Б е а т р и ч е. Маму не любишь? Как можно?!

Н а т а л я. Можно, она не учила меня правде. Она сама потихоньку переиначивала все подлинное, истинное, так перекраивала, что даже правда переставала быть самой собой. Она не замечала даже, что под ногами у нее чье-то сердце, идеи, искусство, истина или просто маленькие белые маргаритки.

Б е а т р и ч е. А ты ей никогда не указывала на это? Не просила посмотреть под ноги?

Н а т а л я. Нет, а разве я могла это сделать?

Б е а т р и ч е. Неужели же не могла? Должна была.

Н а т а л я. Она принадлежит к людям, которые заткнули уши, чтоб ничего не слышать, закрыли глаза, чтоб ничего не видеть. Им так выгодней, проще, легче. Мы им ничем уже не поможем. Они — вот такие — даже в конце жизни не опомнятся, что оскверненные идут в вишенник.

Б е а т р и ч е. В вишенник?

Н а т а л я. На погост… Надо только беречься, чтоб они нам не мешали, чтоб не губили нашу жизнь, чтоб разрешили нам жить, как мы сами хотим.

Б е а т р и ч е. Ты заговорила как Андрюс. Он и Юлюс — они оба говорили, что родители не дают им жить, а на самом деле родители виноваты совсем в другом.

Н а т а л я. В чем же?

Б е а т р и ч е. Они не успевают за будничными либо за слишком важными делами научить нас, что значит жить. И Андрюса с Юлюсом не научили.
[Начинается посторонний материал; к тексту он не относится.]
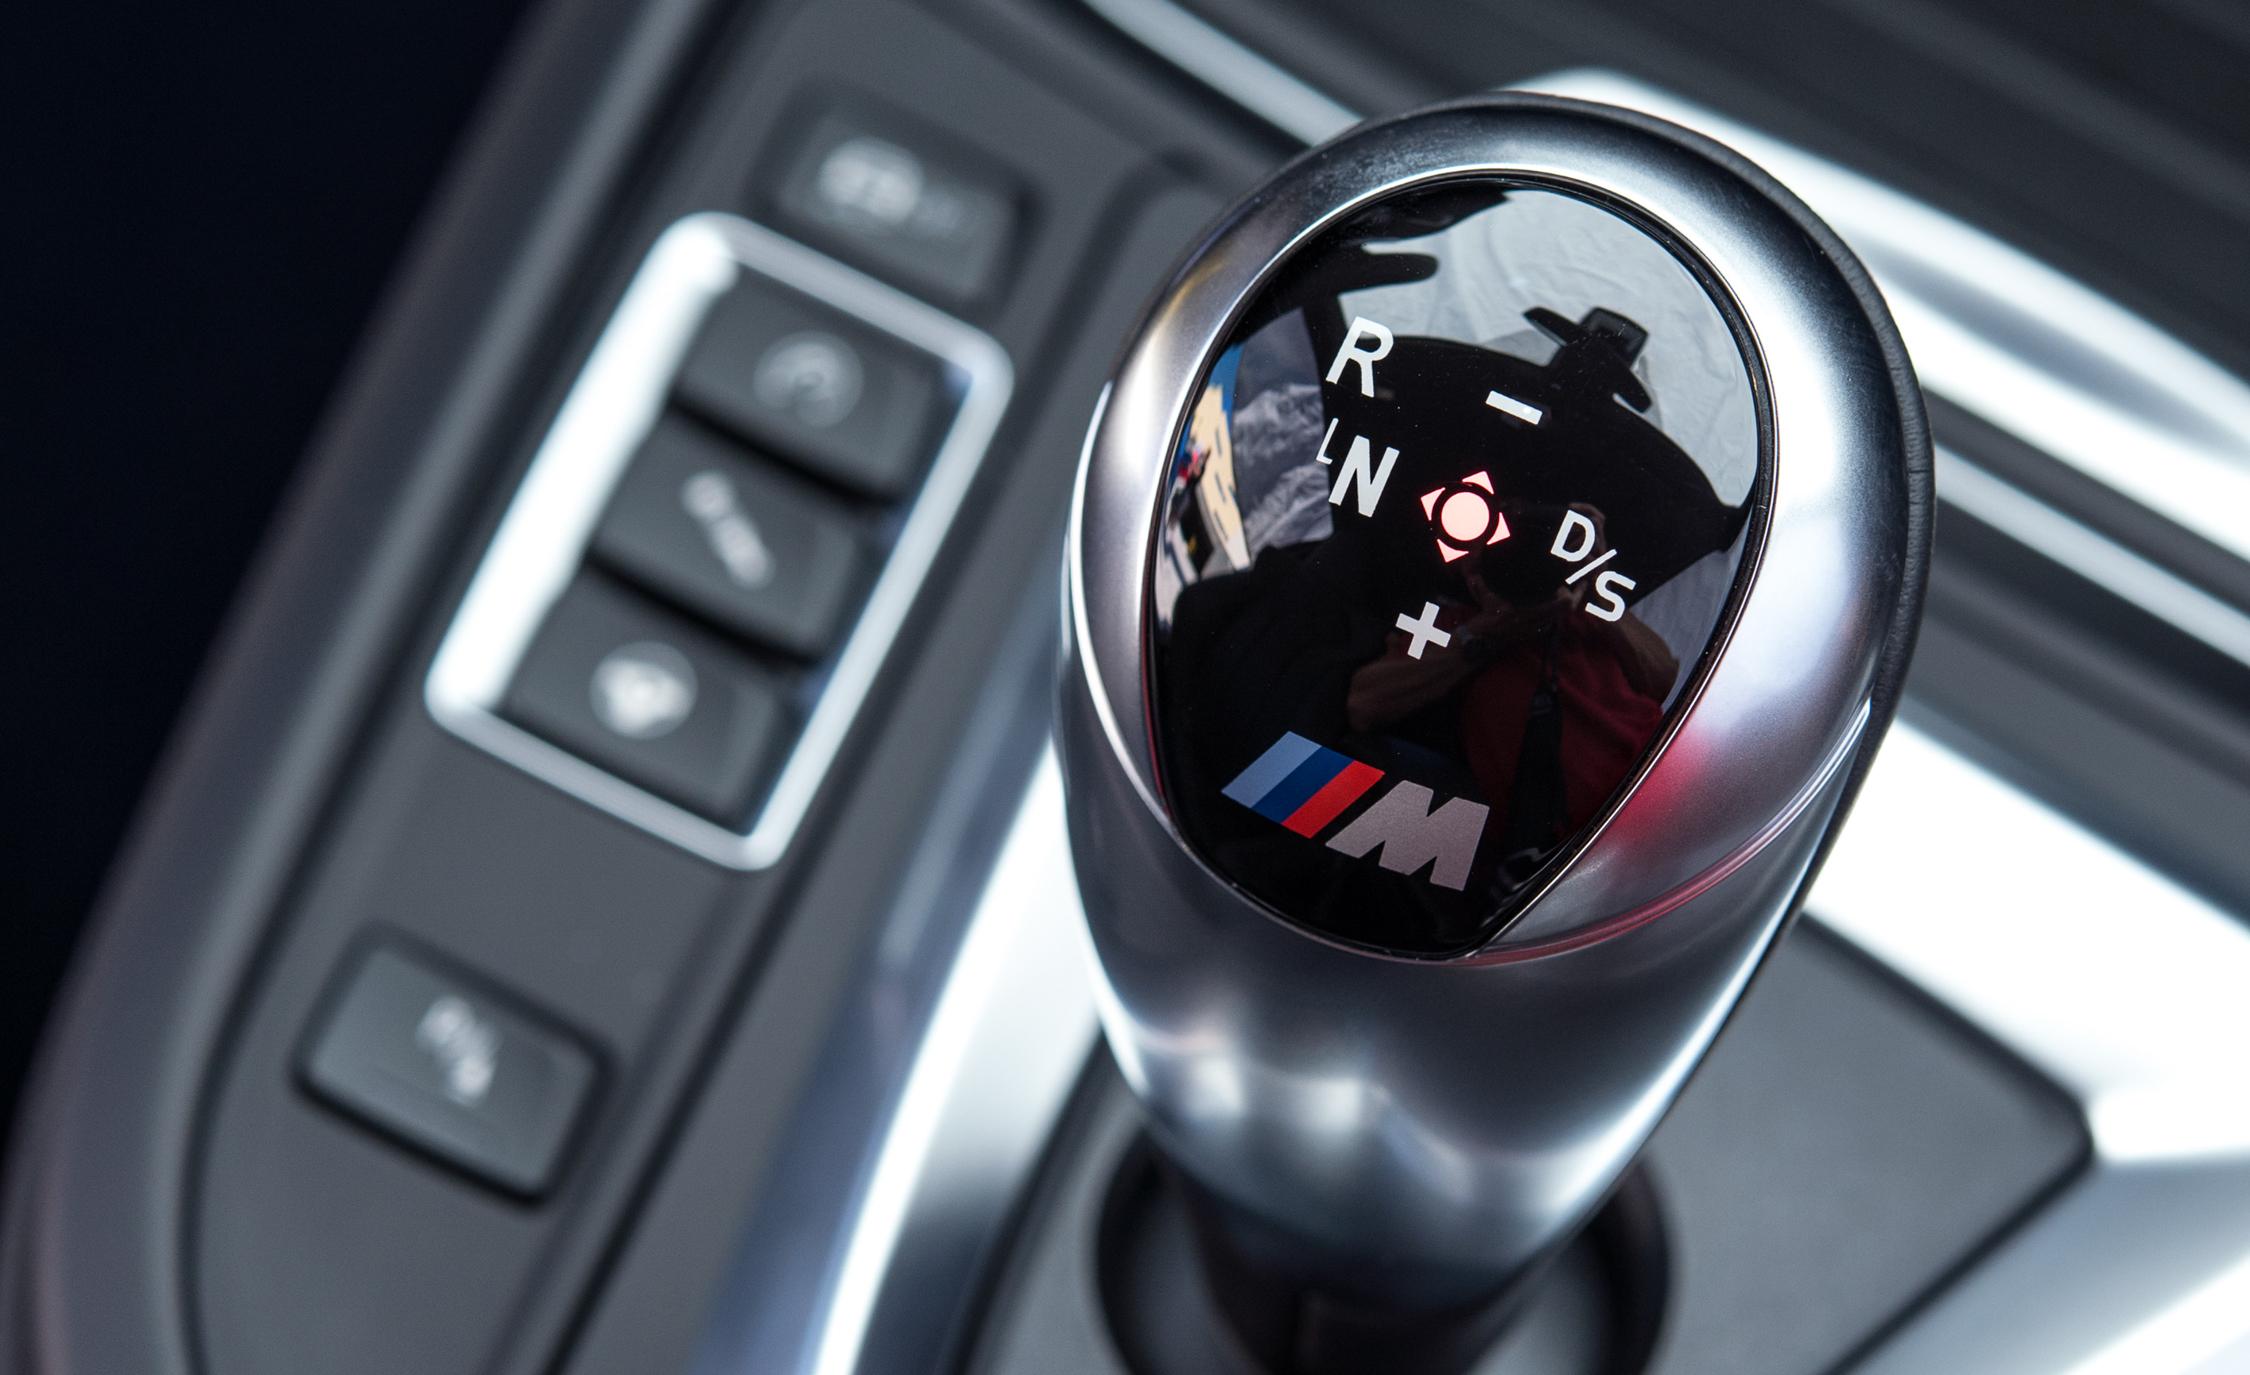 2015 BMW M4 Coupe Interior Gear Shift Knob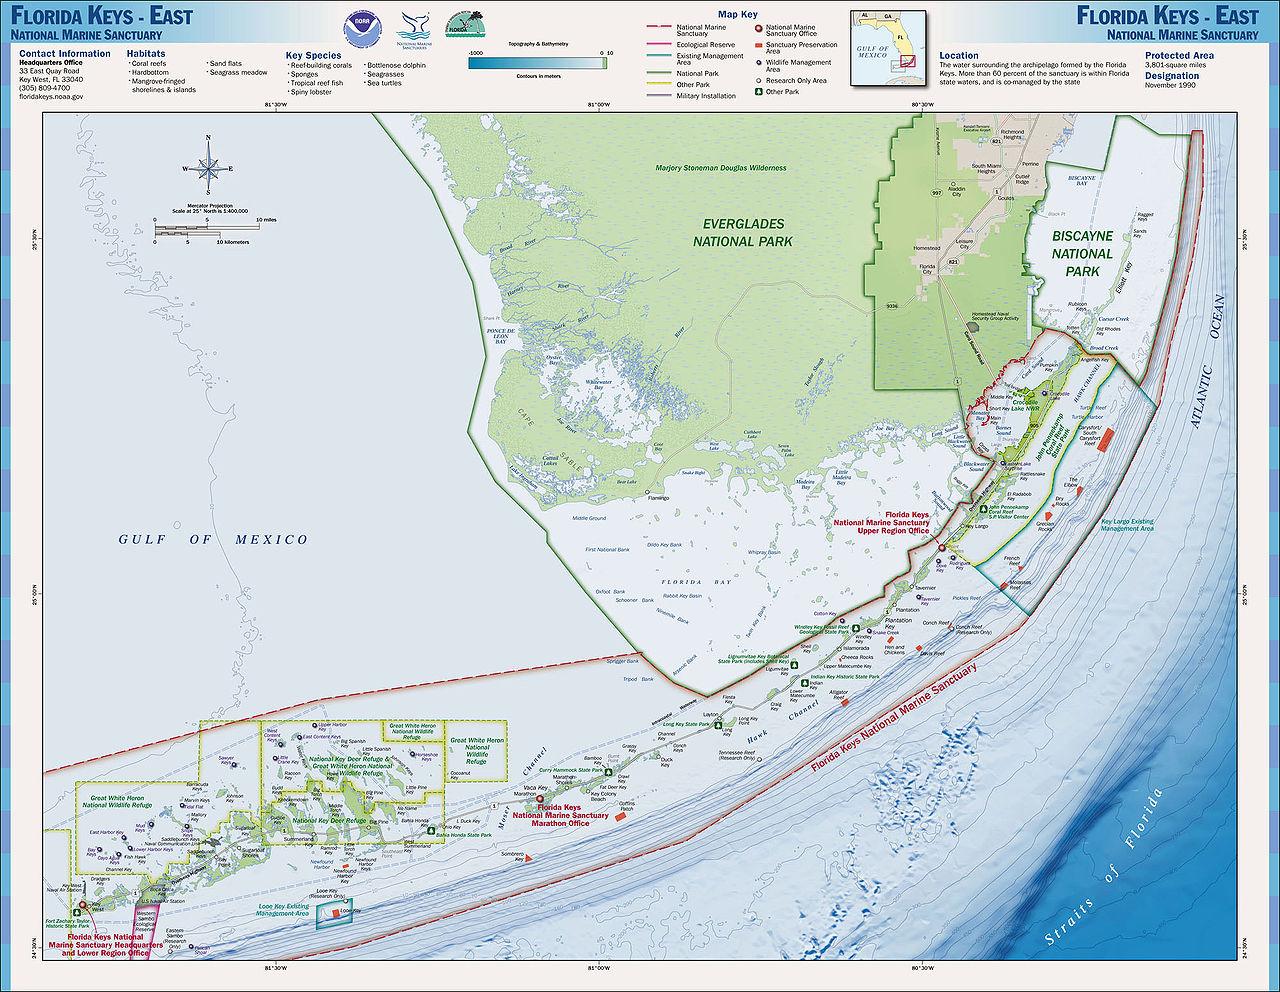 Charts And Maps Florida Keys - Florida Go Fishing - Florida Keys Fishing Map

Хотя отец одного был философом, а другого — прокурором. Ты знаешь, что значит — жить?

Н а т а л я. Кажется, знаю. Из книг знаю, из истории знаю, из песен знаю, от Тёрна знаю…

Б е а т р и ч е. Это надо в сердце носить. Из книг — слишком мало. Совсем не то. Мне кажется, я знала. И что такое правда — знала.

Н а т а л я. И что же — помогло тебе твое знание?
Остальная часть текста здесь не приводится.